The site -- unskewedpolls.com -- is of course made entirely of the purest, most highly refined BS. Basically, he takes polling samples that are the most favorable to Republicans, then applies those percentages to other polls. In other words, if he believes the poll oversamples Democrats, he subtracts a percentage of dem respondents and adds a percentage of GOP ones. As you can imagine, this changes everything radically. Buzzfeed posted a Chambers chart from yesterday and Romney leads in a spread of +3 to +100.

"[Y]ou cannot compare partisan weighting from one polling firm to another," pollster Scott Rasmussen told Buzzfeed in response to this story. "Different firms ask about partisan affiliation in different ways. Some ask how you are registered. Some ask what you consider yourselves. Some push for leaners, others do not. Some ask it at the beginning of a survey which provides a more stable response while others ask it at the end."
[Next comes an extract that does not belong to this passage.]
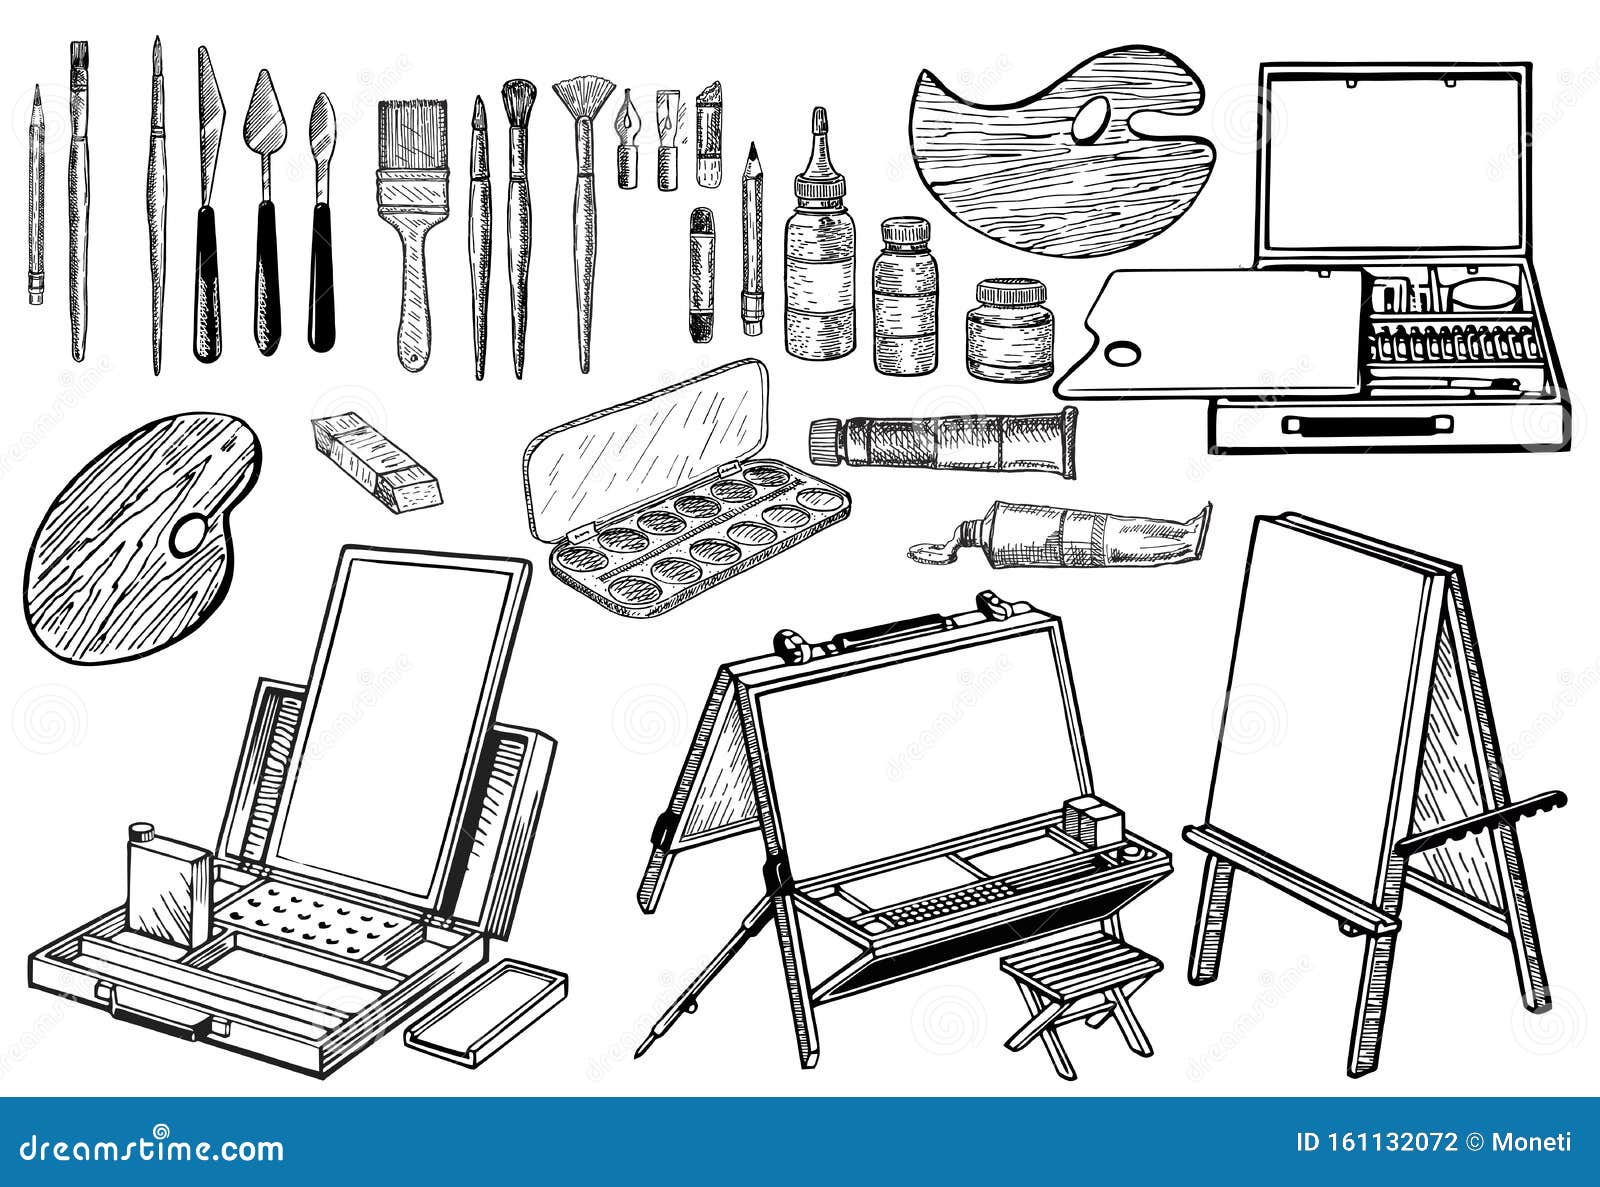 Hand Drawn Art Tools and Supplies Set. Sketch. Painting Tools

And, as the number of people who will vote a certain way changes from day to day, so does party affiliation. If the pollster isn't asking how a person is registered (and in a lot of states, you don't have to register with a party), then the party affiliation numbers will also change from day to day. This is not astrophysics and the party percentages aren't unchangeable like the speed of light. How do you determine the partisan make up of the populace? You ask them, in a survey, and then -- and here's the real important part -- you don't just ignore what they say.

As a result of these BS rejiggered numbers, many on the right are expecting Mitt Romney to win by a landslide. And consider the rationale for doing all this; the media is colluding in a conspiracy to reelect Barack Obama. They've all gotten together, agreed to skew polling, and (somehow) this means Barack Obama wins. But that's way too complicated; if the press really wanted to get together to sink Mitt Romney, they'd just publish photoshopped images of him hunting malnourished, homeless children for sport or something. Trying to get everyone to join in on some bandwagon effect would be a gamble, to say the least.

But that wouldn't play into the conservative penchant for victimhood. They're planning their martyrdoms in advance now. After November, should Romney lose (as is looking more and more likely), they're going to run shrieking into the streets, waving these totally madeup numbers, and claiming to have proof that Obama stole the election. The media was spinning polls so you wouldn't notice how far off the final vote tally was. It was all a big conspiracy to take over the country for socialism or terrorism or terrorist socialism or whatever. And a blizzard of victim cards will fly. "Obama stole the election" will be the new birtherism. If the old birtherism is any indication, the new variety will spread like plague.

The whole thing's as dangerous as it is delusional. This is a party that almost literally worships guns. If the government is seen as illegitimate, these are exactly the sort of nutjobs who would use their "second amendment freedoms" to right that egregious wrong. The Tea Party right is already a bonfire of stupidity, gullibility, and misplaced anger. Rightwing blogs are preparing to throw gasoline on it.

They think that'll work out great. As I said, they aren't big fans of reality.